Hey, I asked this yesterday… did my comment get deleted? I was asking what the grey areas represent. Antarctica & Greenland makes sense, but why the big area in Africa wereas only Inuits in those days… but the big grey area in Southern Europe & North Africa… ?
I’m assuming places that never had slavery, but I couldn’t tell you.
Some areas lke Antarctica and Greenland may have never had slavery but I suspect most of the grey areas are simply “unknown date” Saharan countries like Zaire/Congo, Burundi, Libya and Algera may still have slaveryor have never legislatively dealt with the issue.Also the fact that a country may have banned slavery does not necessarily mean that crime of slavery is enforced.

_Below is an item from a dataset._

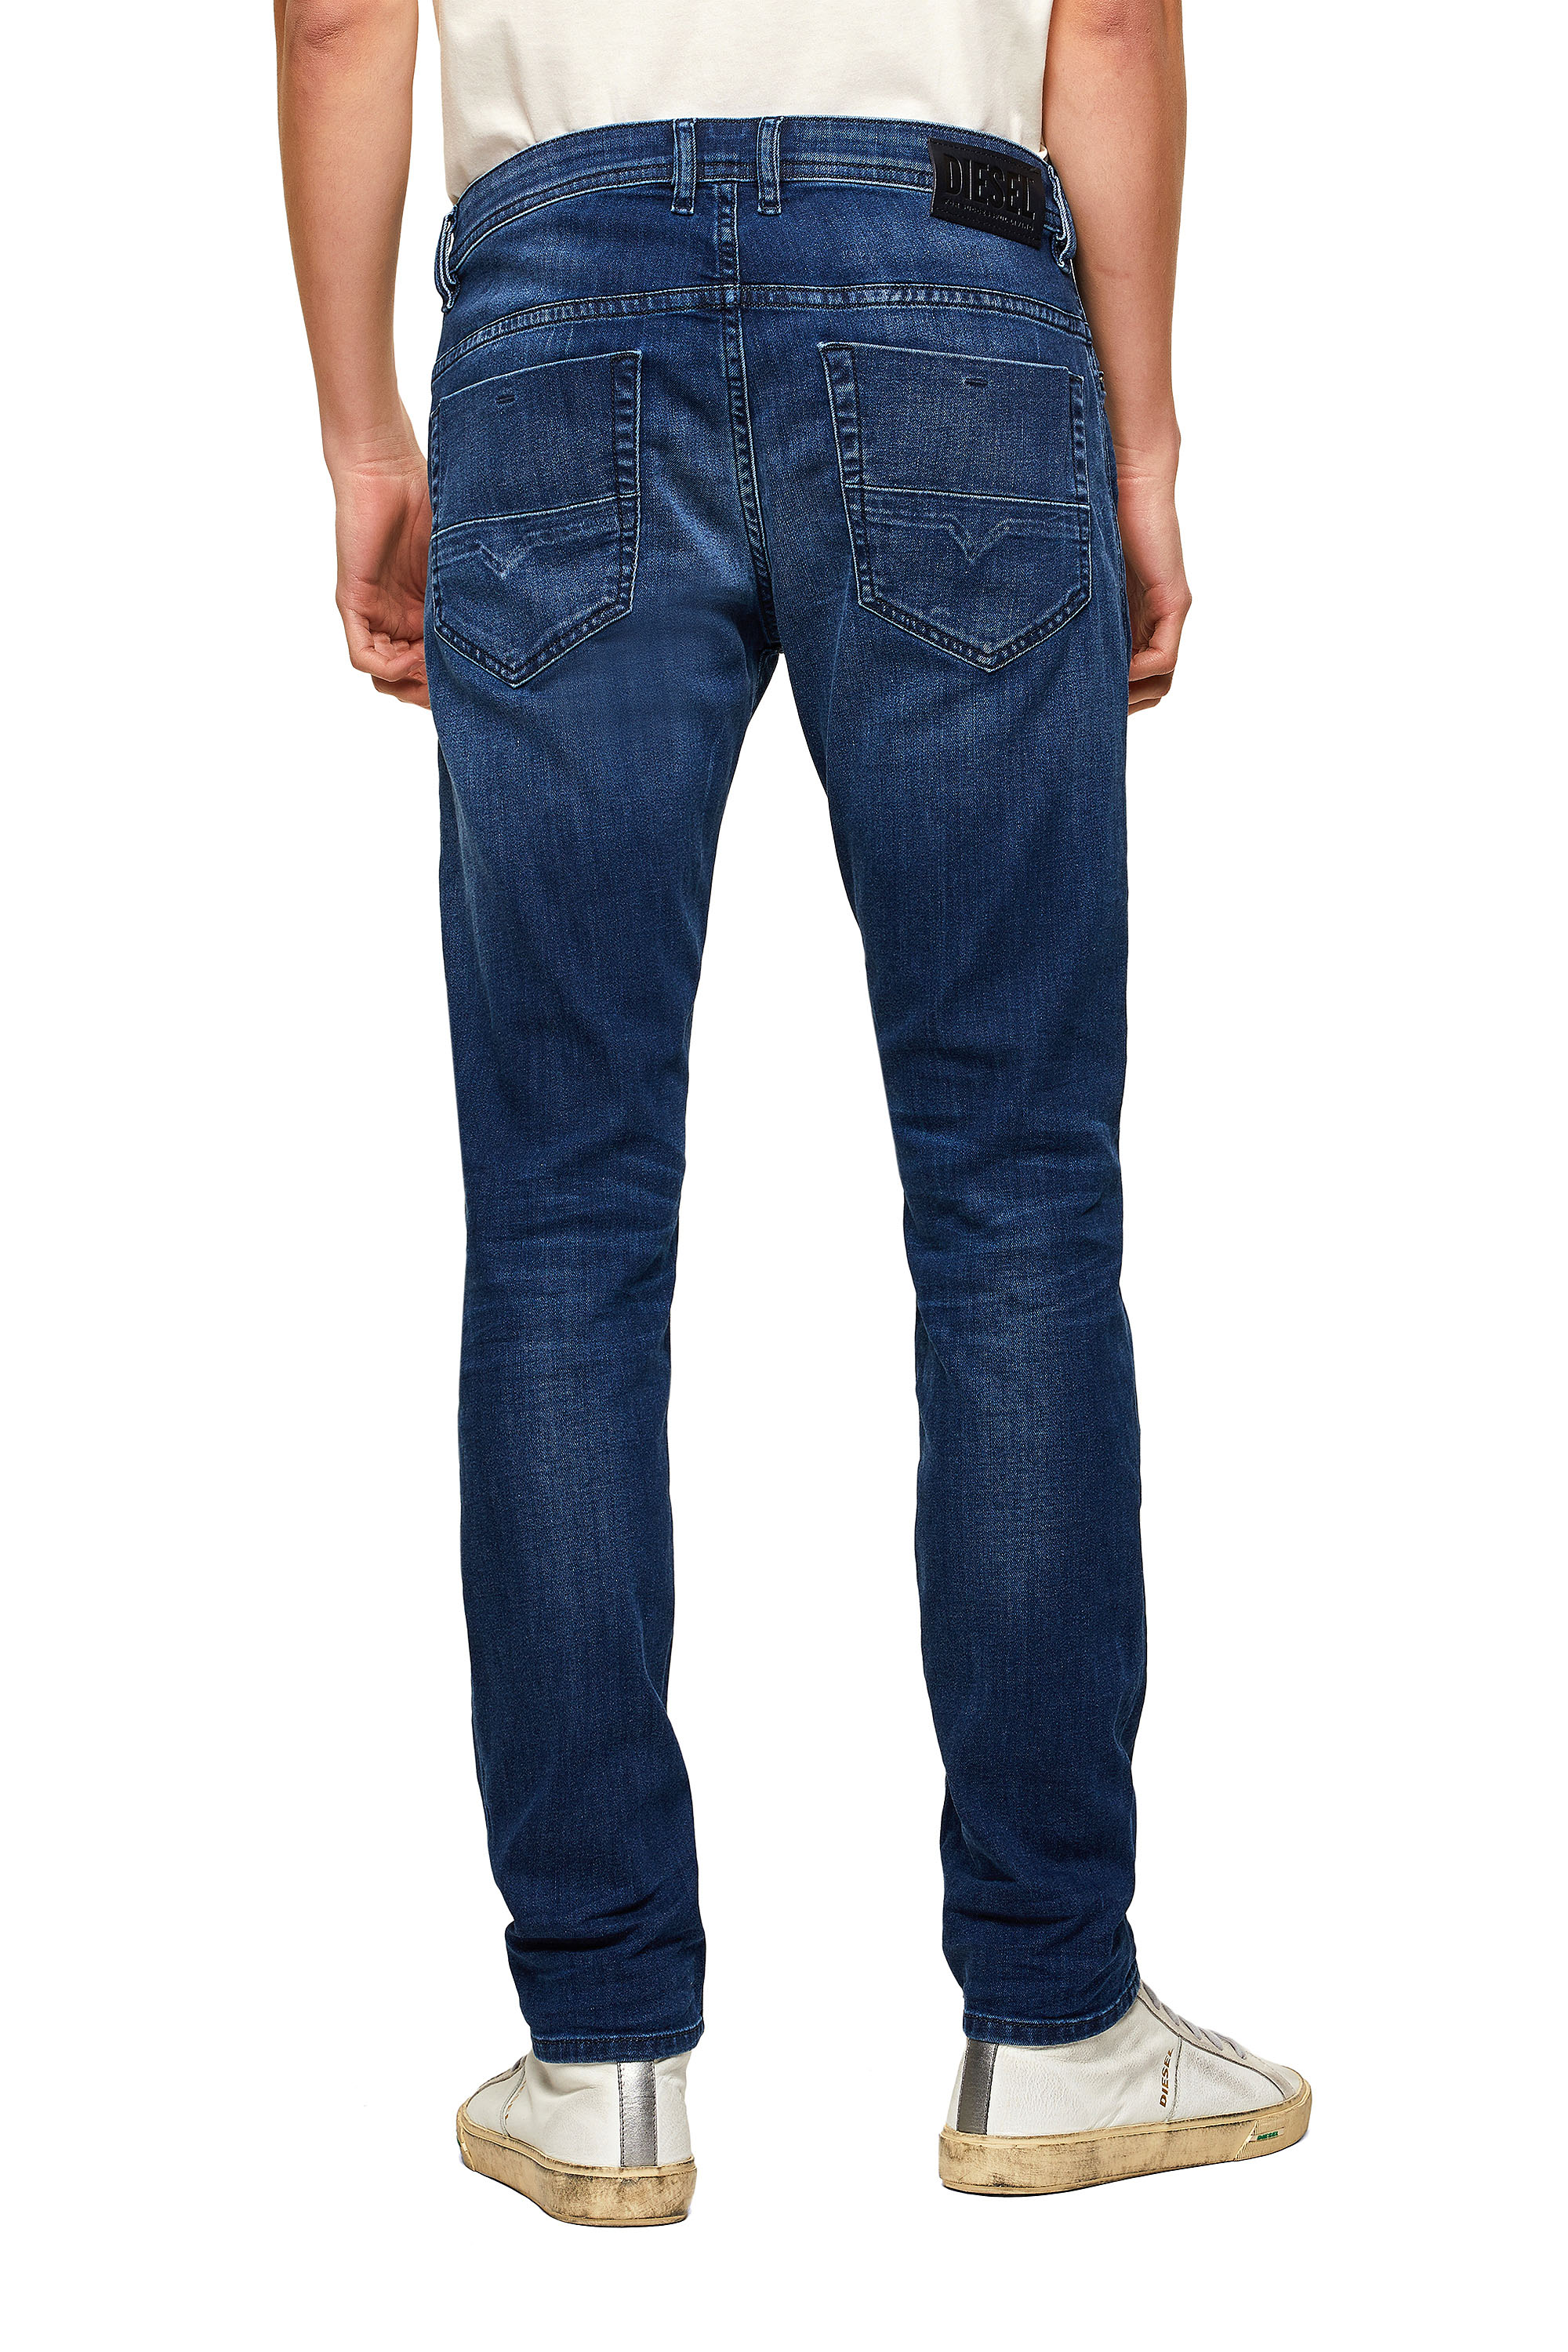 Diesel - Thommer Slim Jeans 069SF,  - Image 2

that would make sense but could it mean that there is still slavery existent in those countries
Many mistakes. In Spain not even serfdom was allowed since medieval times. Slavery was abolished in 1837 (it’s transatlantic slavery, not actual slavery. That was banned even since 1512 with the Laws of Burgos who banned slavery of natives and spanish subjects in the americas and the mainland).
when did Sir Stamford Raffles abolish slavery in Singapore and was this just a bann within the country to own slaves or was it a Law that no-one in Singapore could be made a slave? What is the timeline of his abolishment in connection to other countrries?